McGee McGee and O. B. Herigstad, for respondent.
A defense of res adjudicata may be raised by demurrer, where the fact and the nature of the prior adjudication appear on the fact of the pleading. Beyer v. North American Coal M. Company, 32 N.D. 542, 156 N.W. 204; Leifert v. Wolfer, 74 N.D. 746, 24 N.W.2d 690, State ex rel Hagert v. Templeton, 18 N.D. 525, 123 NW 283, Cizek v. Cizek, 69 Neb. 779, 96 N.W. 657, 99 N.W. 28.
The court in any event has the right to make an equitable distribution of property upon granting of a divorce regardless of which party is at fault. Rindlaub v. Rindlaub, 28 N.D. 168, 147 NW 725; Agrest v. Agrest, 75 N.D. 318, 27 N.W.2d 703.

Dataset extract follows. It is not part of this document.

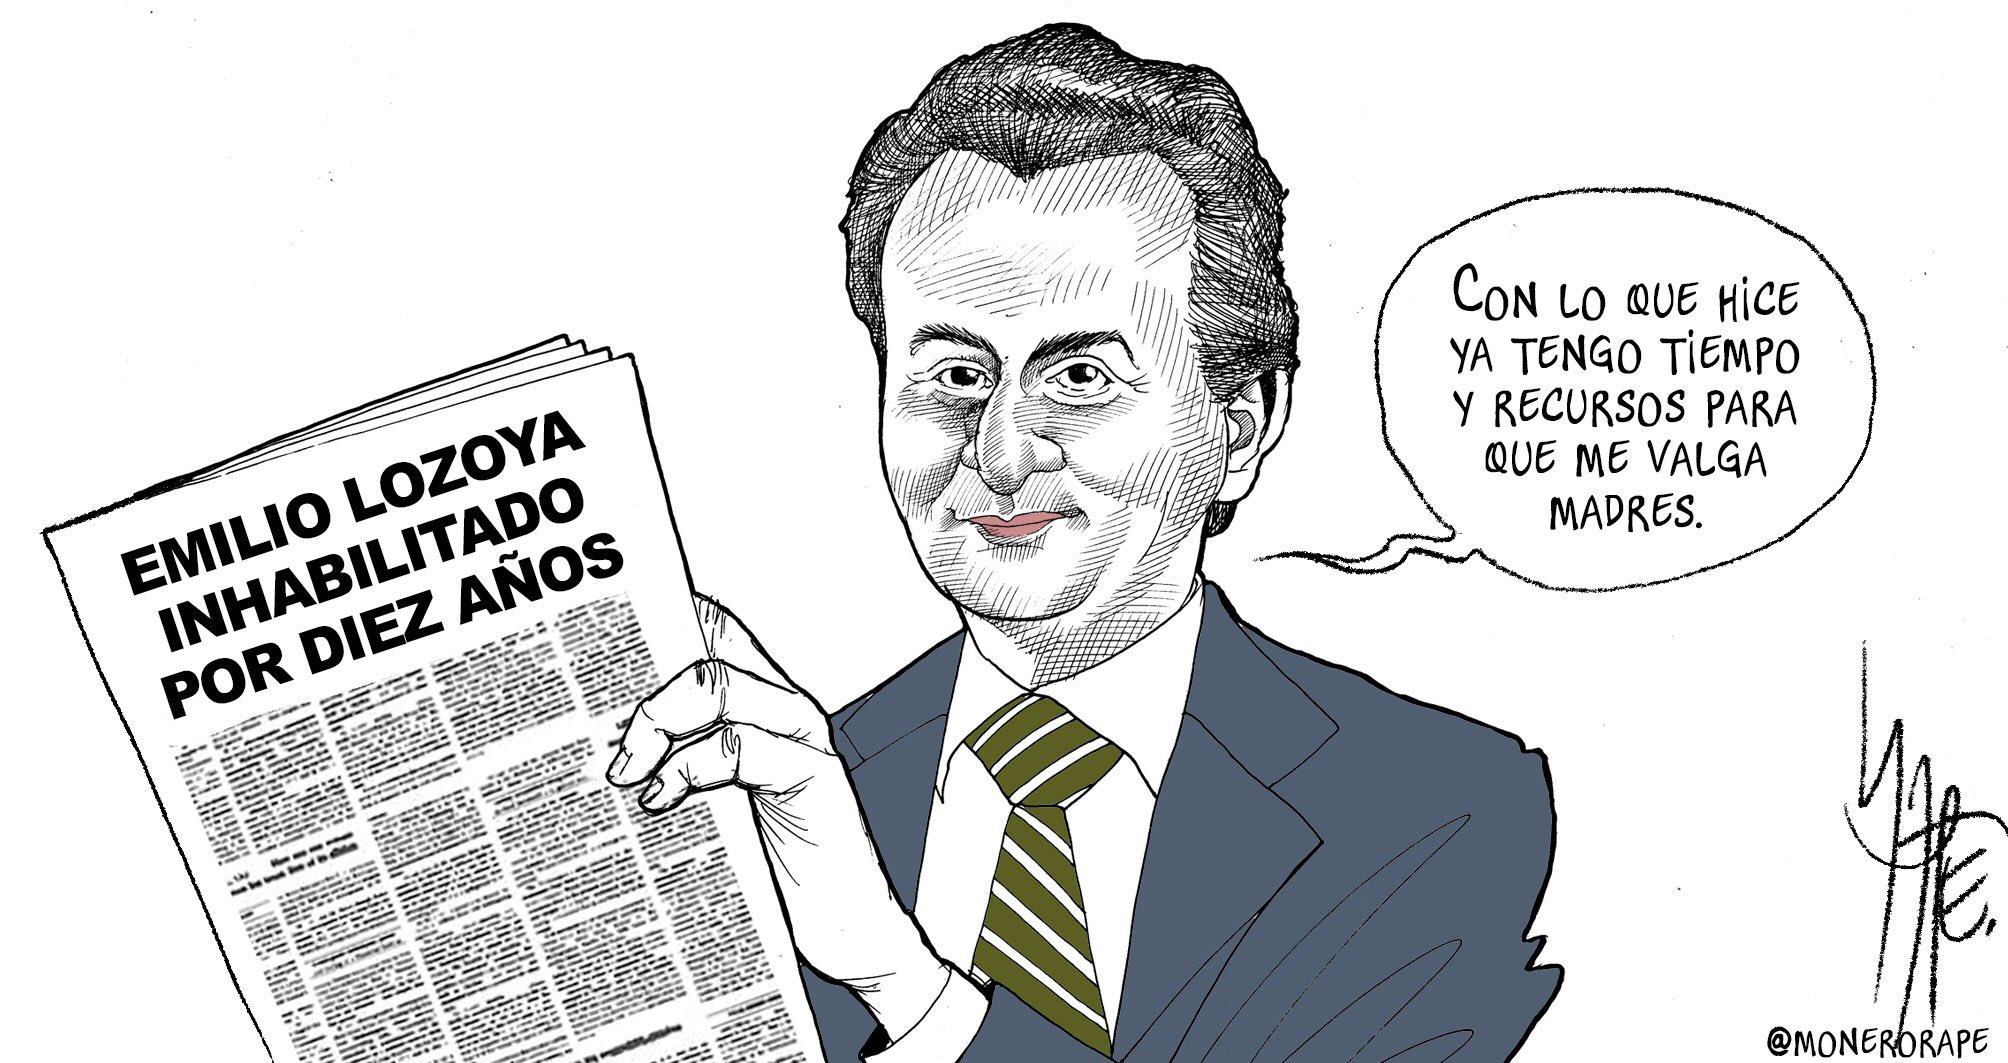 """Monero Rapé ✍🏼 on Twitter: """"Sanción de risa a Emilio Lozoya. Cartón en  @Milenio… """""""

The rule supported by the overwhelming weight of authority is that fraud as a ground for vacating a judgment must be what is known as extrinsic fraud, that is, fraud in the means whereby the judgment was procured, and not fraud in the cause of action or matter put in issue and presented for adjudication. 1 Freeman on Judgments (5th Ed) pp 461-2; 31 Am Jur 231; Jacobson v. Brey, 72 N.D. 269, 6 N.W.2d 269.
A divorce decree is res adjudicata as to every matter that should have been formally put in issue in the divorce suit and litigated as an incident thereto. 17 Am Jur 485; Tuttle v. Tuttle, 48 N.D. 10, 181 N.W. 898; Van Fleet on Collateral Attack, sec 550; Freeman on Judgments (4th Ed) Secs 289, 334, 337; 15 RCL 875-6.

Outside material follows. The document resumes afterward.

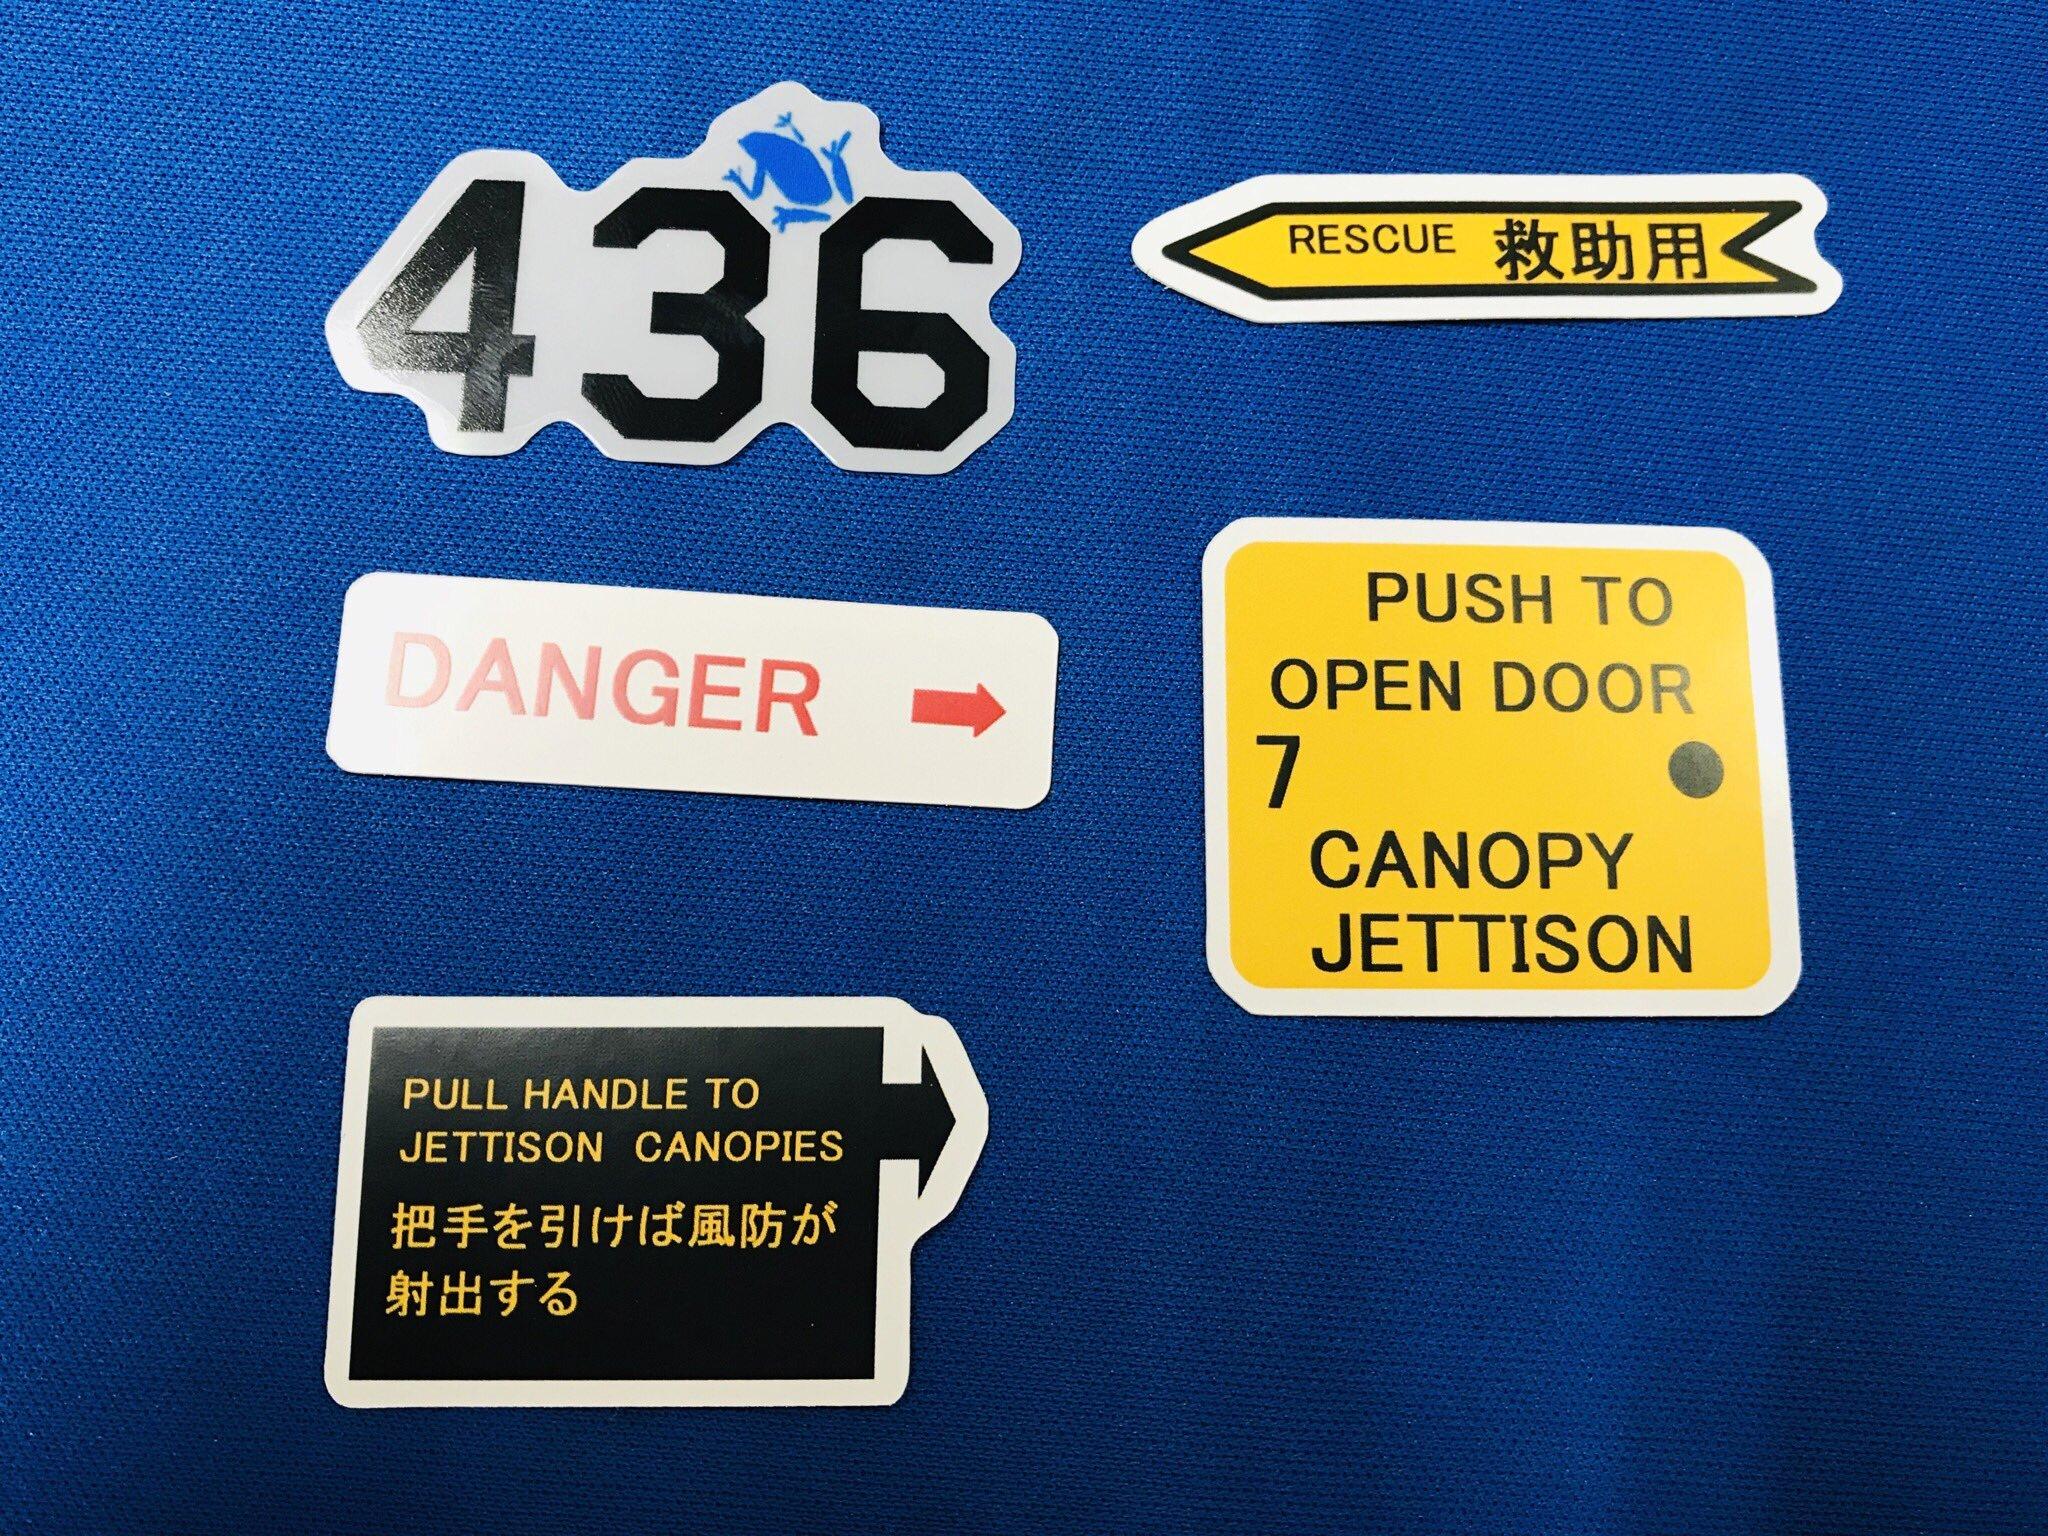 【あいふらファントム感謝祭・先行販売】ひこうき工房Azul~あすーる~/ファントムパーツフレークシール

A judgment entered, within the jurisdiction of the court, stands until it is vacated or modified by regular proceedings. Olson v. Ottertail Power Company, 65 N.D. 46, 256 N.W. 246.

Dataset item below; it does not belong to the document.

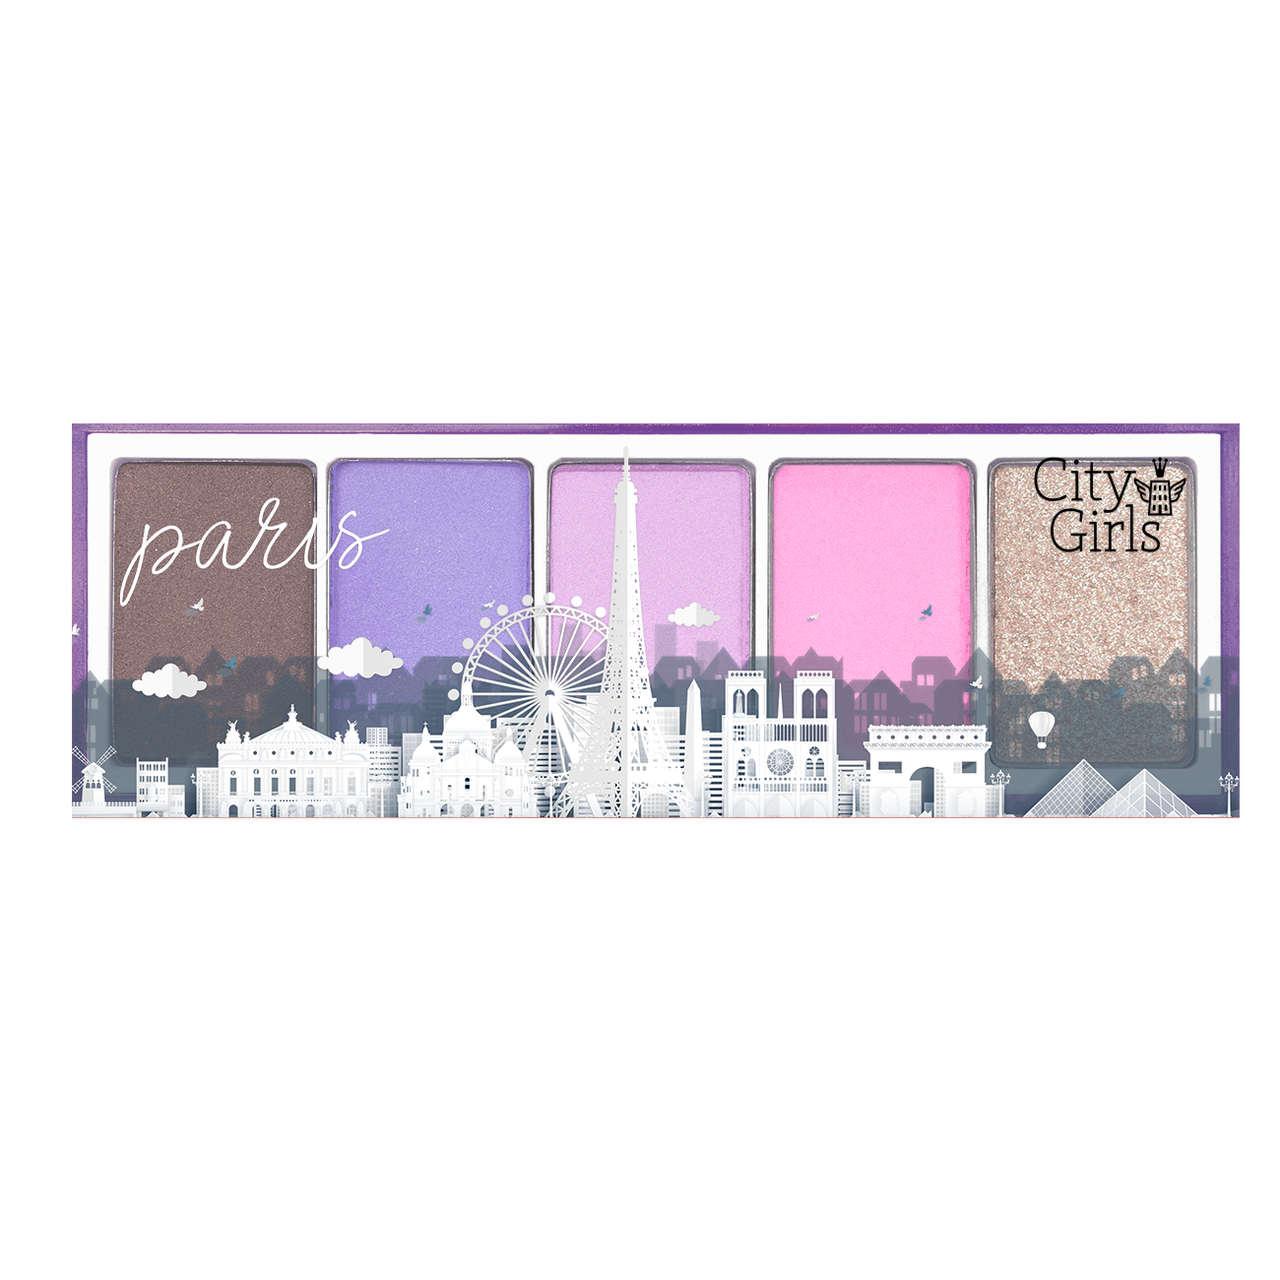 Paleta de Sombras 5 Cores Coleção Mundo Paris / New York City Girls

A judgment rendered by a court of general jurisdiction, having jurisdiction of the parties and subject matter, imports absolute verity and cannot be attacked collaterally. Olson v. Donnelly, 70 N.D. 370, 294 N.W. 666; Lamb v. King, 70 N.D. 469, 296 NW 185; Kelsch v. Dickson, 71 N.D. 430, 1 N.W.2d 347; Sukut v. Sukut, 73 N.D. 154, 12 N.W.2d 536; Worthington v. Worthington, 218 Ala. 80, 117 So. 645; Anderson v. Schwiter, 236 Iowa 765, 20 N.W.2d 71; Brown v. Tank, 230 Iowa 370, 297 N.W. 801; 34 CJ 520.
Alimony, which signifies literally nourishment or sustenance, is the allowance which a husband may be compelled to pay to his wife for her maintenance when she is living apart from him or has been divorced. 17 Am Jur 405, section 495; Bialy v. Bialy, 167 Mich. 559, 133 N.W. 496; Walton v. Walton, 57 Neb. 123, 77 NW 392; Wiemer v. Wiemer, 21 N.D. 371, 130 N.W. 1015.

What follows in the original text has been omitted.